MEDIA ONLINE RESMI MAJELIS WAKIL CABANG (WCNU)NU KECAMATAN CIPAYUNG KOTA ADMINISTRASI JAKARTA TIMUR

Jumat, 03 April 2020

KAJIAN TENTANG PERBEDAAN ANTARA NUBUAH, RAMALAN DAN PREDIKSI


Begitu banyaknya berita di medsos yang membingungkan sebagian umat islam terkait akan terjadinya kiamat di pertengahan ramadhan 2020 tahun ini, umur dunia hanya sampai 1500 tahun, telah suburnya tanah arab dan akan datangnya Imam Mahdi dan semisalnya yang semuanya dilandaskan pada hadits Nabi dengan penjelasan yang berbeda dari para dai.

Belum lagi berita prediksi puncak korban Covid 19 di indonesia terjadi di minggu terakhir bulan April 2020 yang diperkirakan menelan korban jiwa 1.800 ribu jiwa, atau ramalan akan terjadi kemarau panjang selama tiga tahun berturut-turut, gunung meletus dan kempa bumi serta bencana alam lainnya mendasari penulis untuk menyampaikan penjelasan tentang perbedaan antara nubuat (perkiraan kabar berita dari nabi sesuai wahyu), ramalan (perkiraan tanpa dasar) dan prediksi (perkiraan ilmiah).
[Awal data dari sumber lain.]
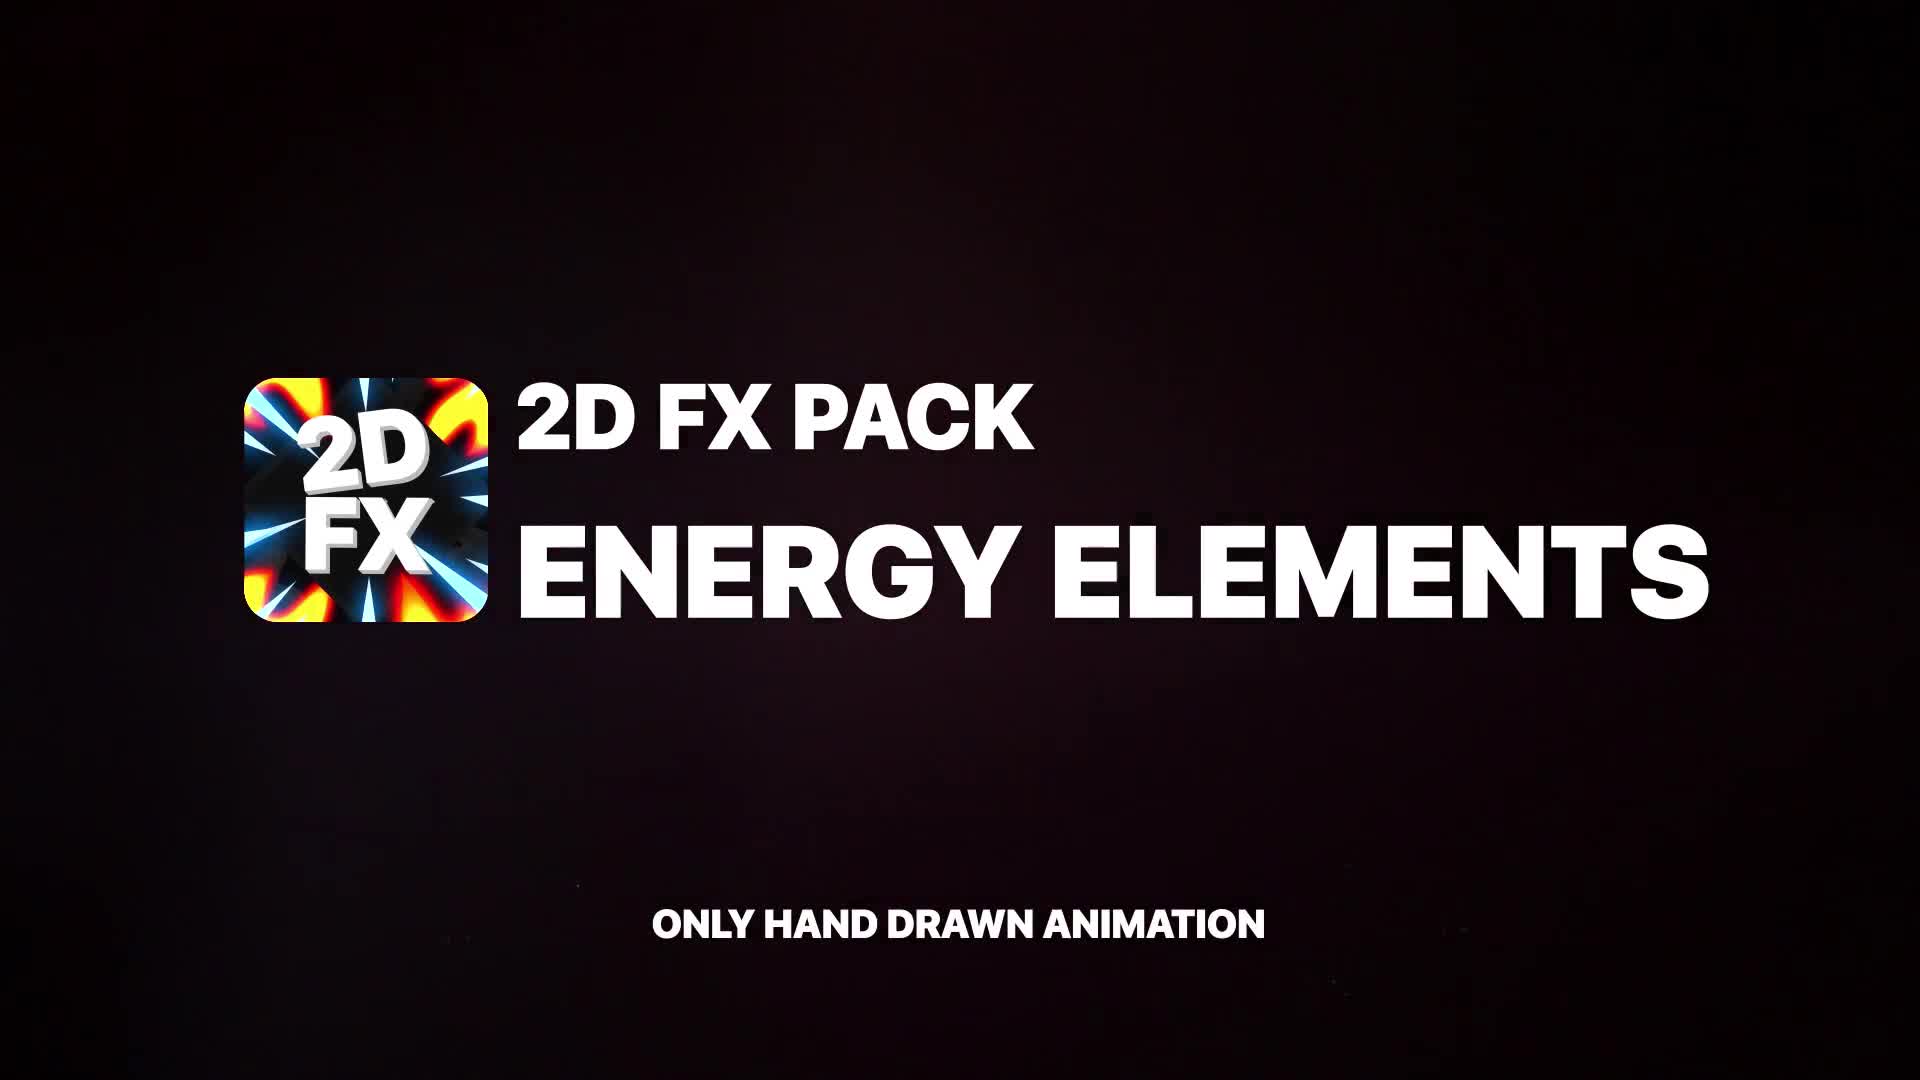 Energy And Explosion Elements + Titles - Download Videohive 22553706

Nubuat (Nubuah) artinya menyatakan lebih awal (dahulu) peristiwa-peristiwa yang akan terjadi, biasanya melalui perantaraan ucapan seorang nabi atau lebih. Nubuat adalah kata umum untuk menegaskan akan pewahyuan Kehendak Ilahi akan terjadinya suatu peristiwa yang akan terjadi di kemudian hari melalui perantara seorang nabi. Contoh sebagaimana prediksi nubuah Nabi Shallallahu 'alaihi wa sallam akan tanda-tanda datangnya hari kiamat,

عَنْ حُذَيْفَةَ بْنِ أَسِيدٍ الْغِفَارِيِّ قَالَ اطَّلَعَ النَّبِيُّ صَلَّى اللَّهُ عَلَيْهِ وَسَلَّمَ عَلَيْنَا وَنَحْنُ نَتَذَاكَرُ فَقَالَ مَا تَذَاكَرُونَ قَالُوا نَذْكُرُ السَّاعَةَ قَالَ إِنَّهَا لَنْ تَقُومَ حَتَّى تَرَوْنَ قَبْلَهَا عَشْرَ آيَاتٍ فَذَكَرَ الدُّخَانَ وَالدَّجَّالَ وَالدَّابَّةَ وَطُلُوعَ الشَّمْسِ مِنْ مَغْرِبِهَا وَنُزُولَ عِيسَى ابْنِ مَرْيَمَ صَلَّى اللَّهُ عَلَيْهِ وَسَلَّمَ وَيَأَجُوجَ وَمَأْجُوجَ وَثَلَاثَةَ خُسُوفٍ خَسْفٌ بِالْمَشْرِقِ وَخَسْفٌ بِالْمَغْرِبِ وَخَسْفٌ بِجَزِيرَةِ الْعَرَبِ وَآخِرُ ذَلِكَ نَارٌ تَخْرُجُ مِنْ الْيَمَنِ تَطْرُدُ النَّاسَ إِلَى مَحْشَرِهِمْ

“Dari Hudzaifah bin Asid Al Ghifari berkata, Rasulullah Shallallahu 'alaihi wa sallam menghampiri kami saat kami tengah membicarakan sesuatu. Ia bertanya, ‘Apa yang kalian bicarakan?’ Kami menjawab, ‘Kami membicarakan kiamat.’ Ia bersabda, ‘Kiamat tidaklah terjadi sehingga kalian melihat sepuluh tanda-tanda sebelumnya.’ Rasulullah menyebut kabut, Dajjal, binatang (ad-dābbah), terbitnya matahari dari barat, turunnya Isa 'alaihissalam bin Maryam, Ya'juj dan Ma'juj, tiga gerhana; gerhana di timur, gerhana di barat dan gerhana di jazirah Arab dan yang terakhir adalah api muncul dari Yaman menggiring manusia menuju tempat perkumpulan mereka,” (HR. Muslim, lihat Abul Husain Muslim bin Hajjaj bin Muslim An-Naisaburi, Al-Jāmi’us Ṣhaḥīḥ, [Beirut, Dārul Afaq Al-Jadidah: tanpa tahun], juz VIII, halaman 178).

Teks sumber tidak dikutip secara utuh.